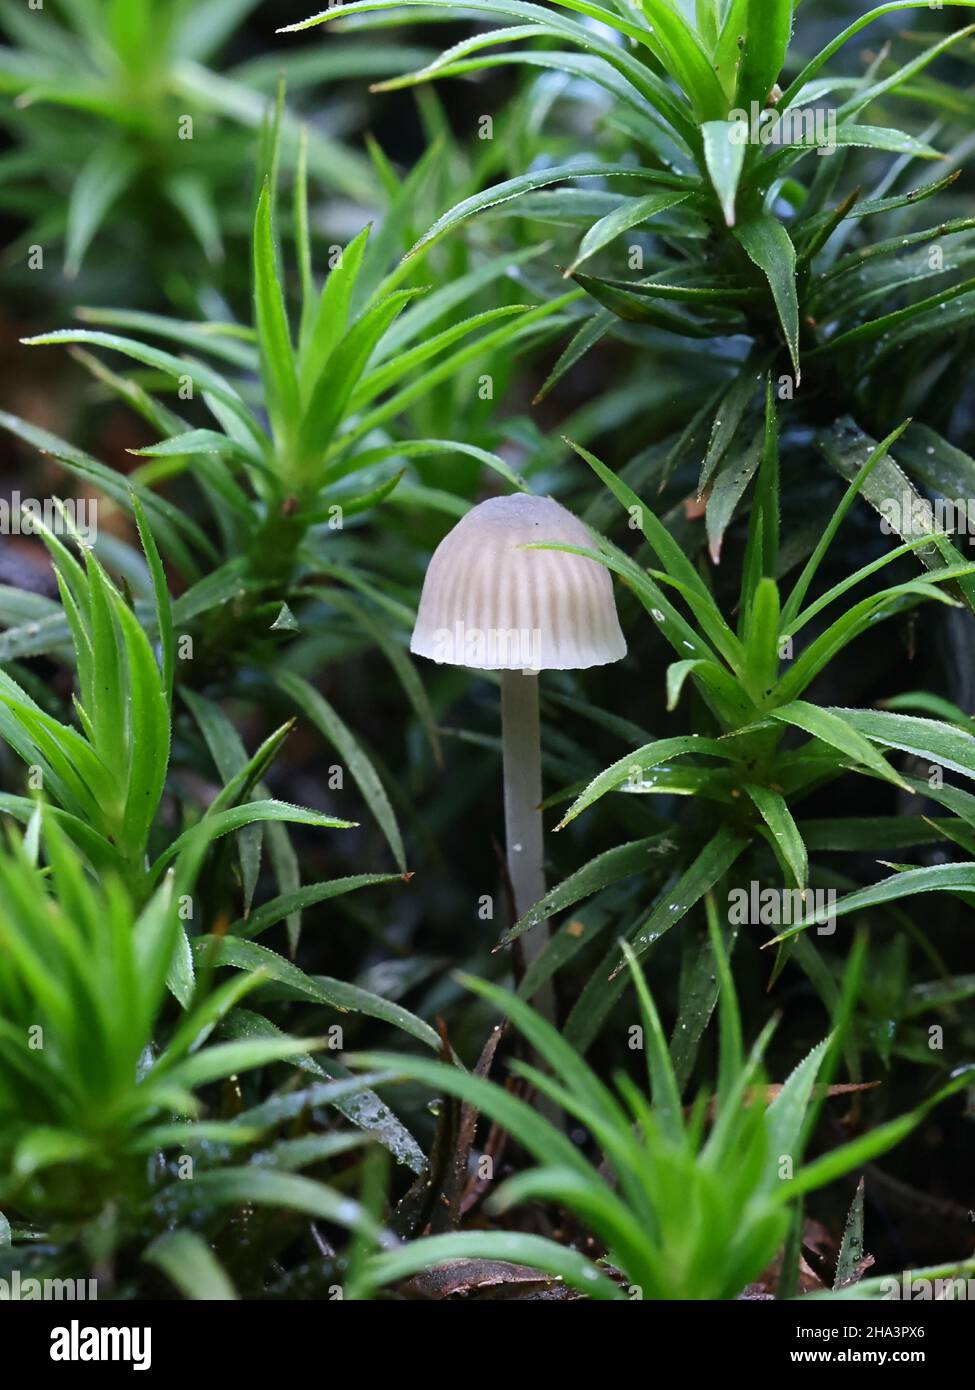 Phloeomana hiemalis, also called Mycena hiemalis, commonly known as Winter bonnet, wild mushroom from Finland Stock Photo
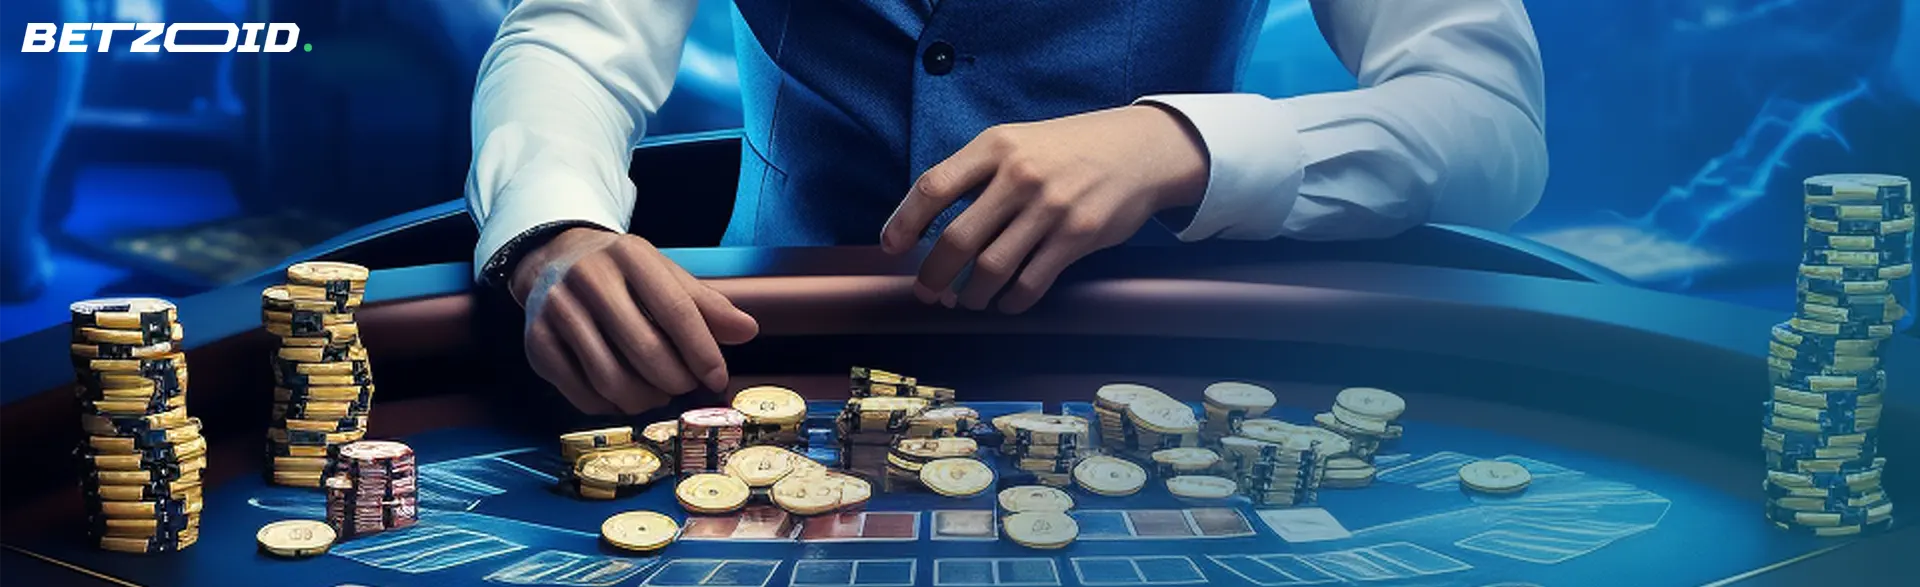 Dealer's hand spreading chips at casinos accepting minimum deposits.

---

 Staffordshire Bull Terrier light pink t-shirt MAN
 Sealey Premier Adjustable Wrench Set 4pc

• Exercise instructions
Above are the entries. Quote exactly the lines from the one bearing "Staffordshire Bull Terrier" through the one bearing "Sealey Premier Adjustable Wrench Set 4pc".

• Solution to the problem
 Staffordshire Bull Terrier light pink t-shirt MAN
 Sealey Premier Adjustable Wrench Set 4pc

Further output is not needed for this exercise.